C’est désormais officiel : trois établissements emblématiques de la Cité de la Gastronomie de Dijon — La Table des Climats, Le Comptoir de la Cité et La Cave de la Cité — ont été placés en redressement judiciaire ce mardi 1er avril. Cette décision du tribunal de commerce de Dijon fait suite à une importante dette de loyers impayés. Le groupe dispose désormais d’un délai de six mois pour tenter de redresser la barre.
Si la nouvelle n’a surpris personne dans le milieu, elle a tout de même eu l’effet d’un électrochoc. Et pour cause : il y a à peine trois mois, les discours publics des dirigeants du groupe Épicure, en charge de ces établissements, laissaient entendre que tout allait pour le mieux.
En janvier 2025, Daphné Delarue, responsable d’exploitation des restaurants du groupe, se montrait confiante dans les colonnes de la presse : « Épicure a connu des rebondissements sur cette fin d’année 2024 et beaucoup de changements positifs pour ce début d’année 2025. » Des propos appuyés par Romain Papillon, directeur des opérations, qui affirmait alors : « Les chiffres 2024 ont été relativement bons […] on est très optimistes pour 2025. »
Un optimisme affiché… à contre-courant de la réalité
Face à la situation actuelle, difficile de ne pas s’interroger : ces déclarations étaient-elles sincères ou relèvent-elles de la communication de façade ? Car aujourd’hui, la réalité est tout autre. Et les chiffres, eux, ne mentent pas.
À y regarder de plus près, les signes avant-coureurs de difficultés financières étaient déjà bien présents. Nous avons pu consulter plusieurs courriels de relance envoyés par des fournisseurs, témoignant de retards de paiement récurrents de la part du groupe Épicure Investissement.

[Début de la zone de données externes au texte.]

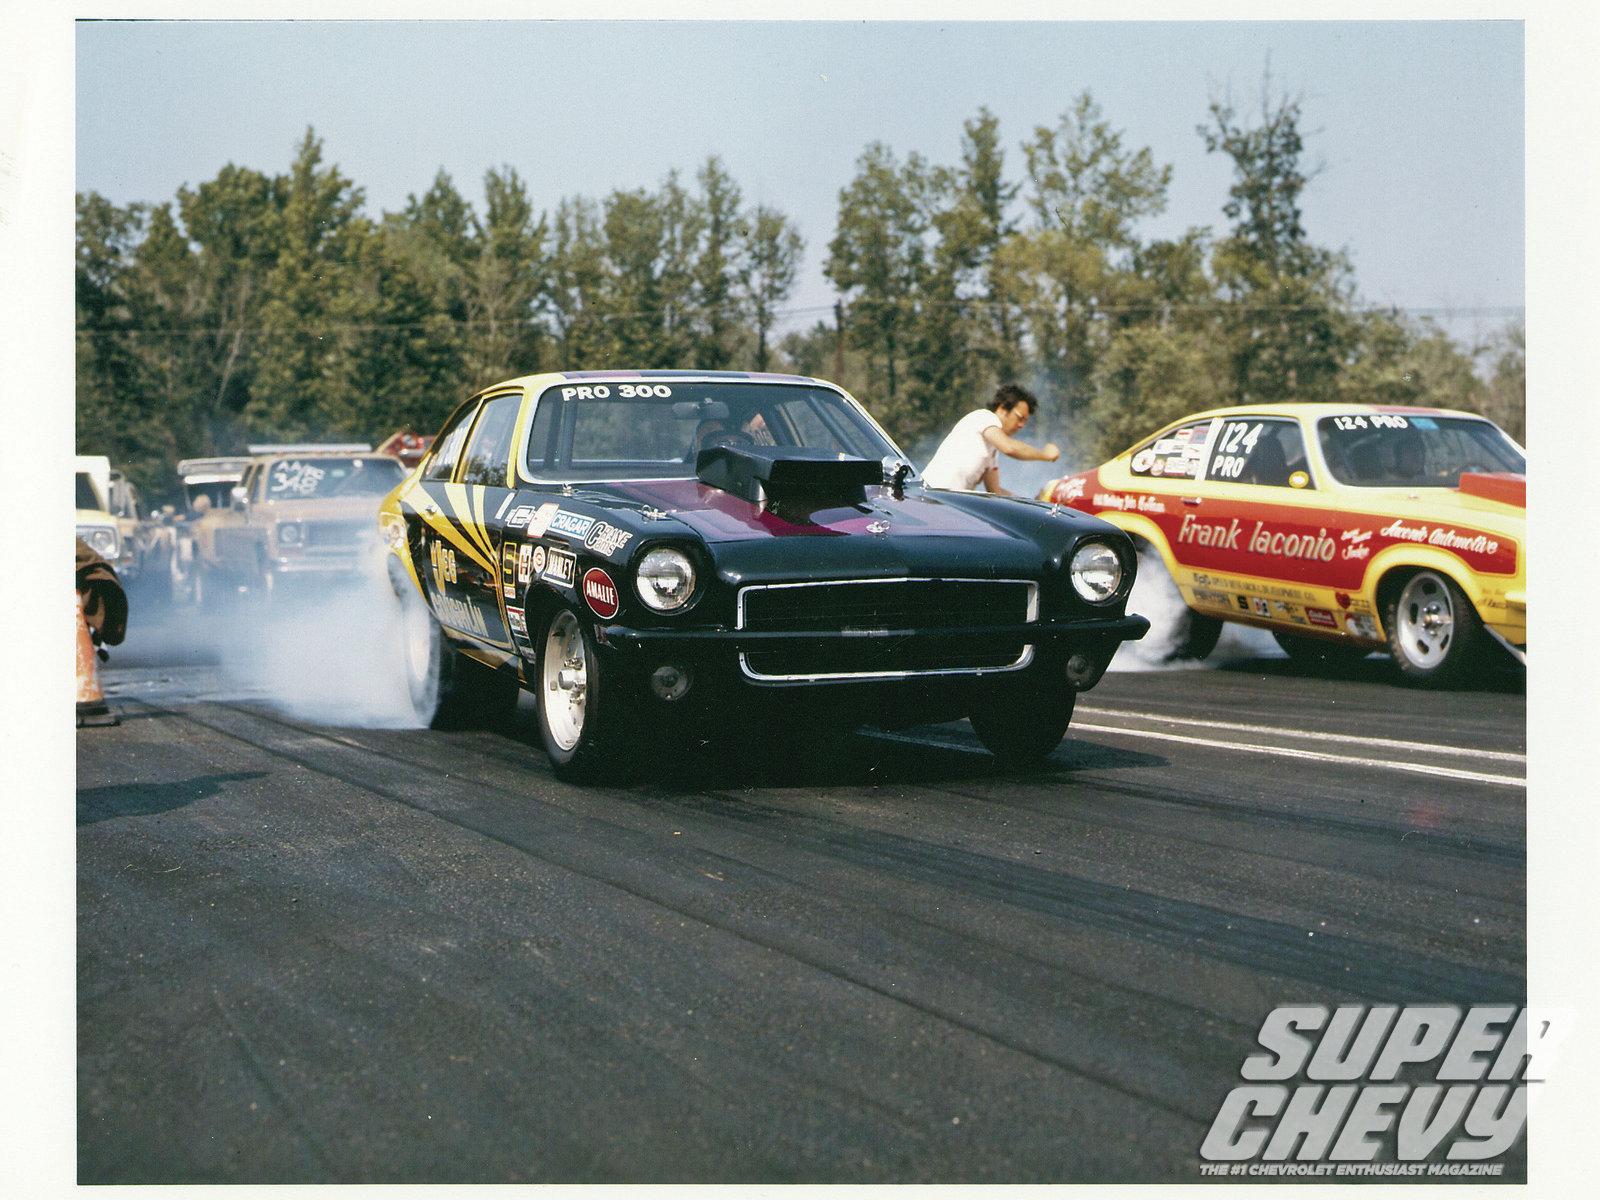 Chevy Drag Car Wallpaper - WallpaperSafari

L’un des plus récents, daté du 31 mars, concernait deux factures, référencées 20240638 et 20240639, émises le 15 juillet 2024. Le ton reste courtois, mais la lassitude transparaît : « Bonjour, sauf erreur de notre part, ces deux factures restent impayées dans notre comptabilité. Pourriez-vous y regarder ? Merci d’avance, bien à vous. » Des factures en souffrance depuis près de neuf mois… difficile de parler ici d’un simple oubli.

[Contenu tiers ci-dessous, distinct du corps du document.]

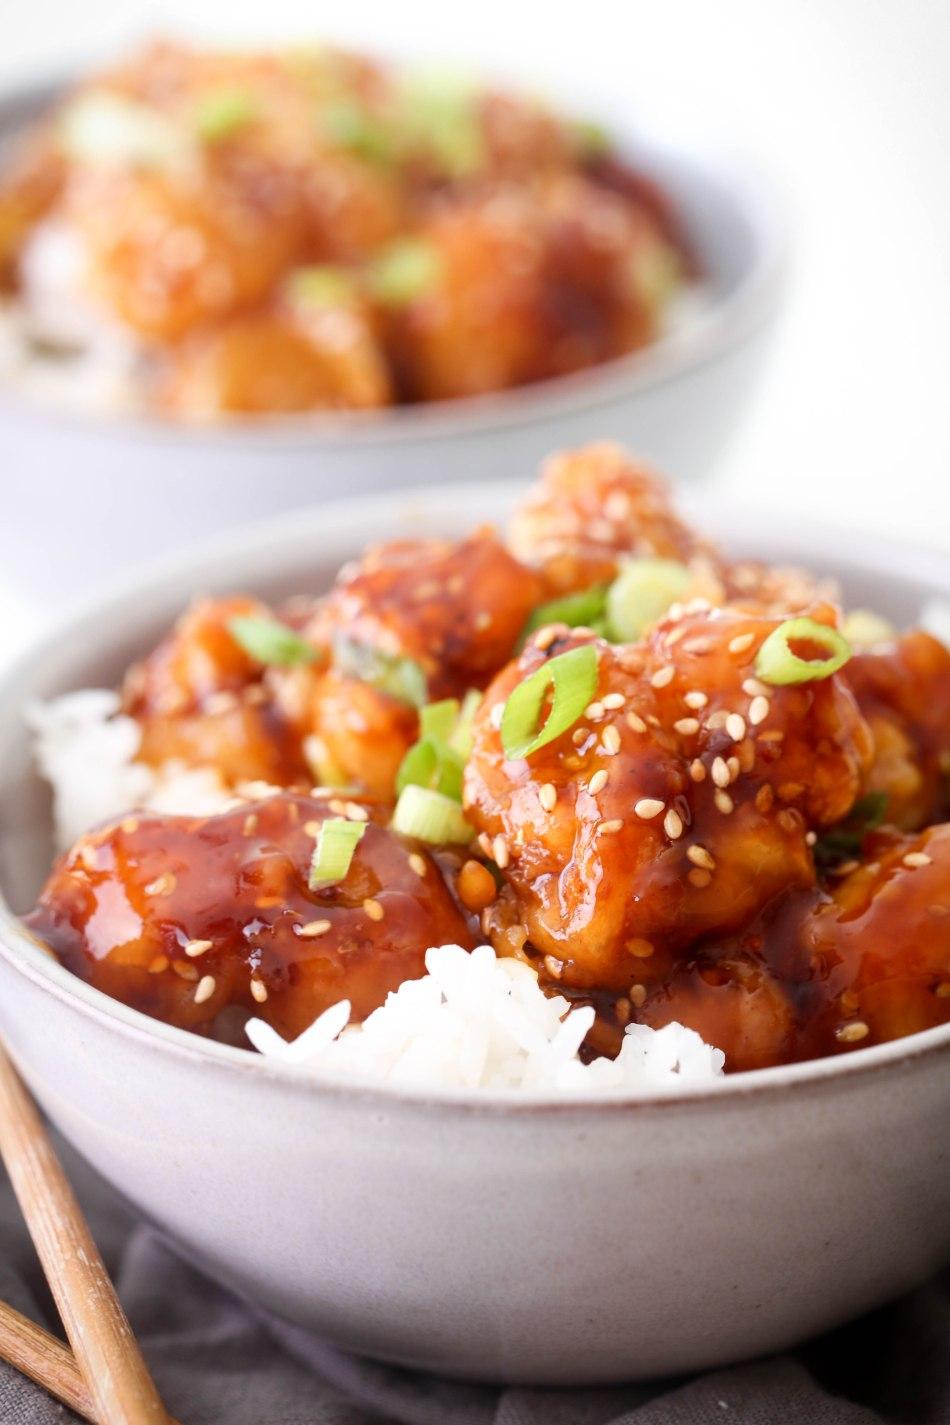 Sesame Cauliflower | Free of gluten, dairy, and refined sugar. Vegan and vegetarian.

Mais ce n’est pas un cas isolé. Un autre mail, plus ancien, montre que ce type de situation s’inscrit dans la durée. Le 22 juillet 2022, un fournisseur relançait Épicure pour une facture numérotée 2200326, datée du 15 avril 2022, d’un montant de 6 132,96 euros. Cette fois, le message était plus direct : « Madame, sauf erreur ou omission de notre part, le paiement de la facture n°2200326 datée du 15/04/2022 pour un montant de 6 132.96 euros, et arrivée à échéance, ne nous est pas parvenu. Nous vous prions de bien vouloir procéder à son règlement dans les meilleurs délais. »
Deux ans d’écart entre ces relances, mais un même schéma : des dettes qui s’accumulent, des délais qui s’allongent, et une communication minimaliste en retour. Une stratégie qui ne semble plus tenir.
Épicure : entre façade rassurante et pratiques inquiétantes
Alors que le groupe communiquait en début d’année avec un optimisme presque théâtral, il semble aujourd’hui que cette façade dissimulait mal une réalité financière bien plus fragile. Si le redressement judiciaire n’est pas une fin en soi, il met en lumière un comportement d’entreprise qui soulève des questions. Car au-delà des difficultés économiques, c’est bien la sincérité et la transparence du groupe Épicure qui sont ici mises à mal.
La question demeure : s’agit-il d’une mauvaise gestion, d’un optimisme mal placé, ou d’une volonté de dissimuler une situation connue en interne depuis longtemps ? Une chose est sûre, dans le monde feutré de la gastronomie, la franchise est aussi essentielle que la qualité dans l’assiette.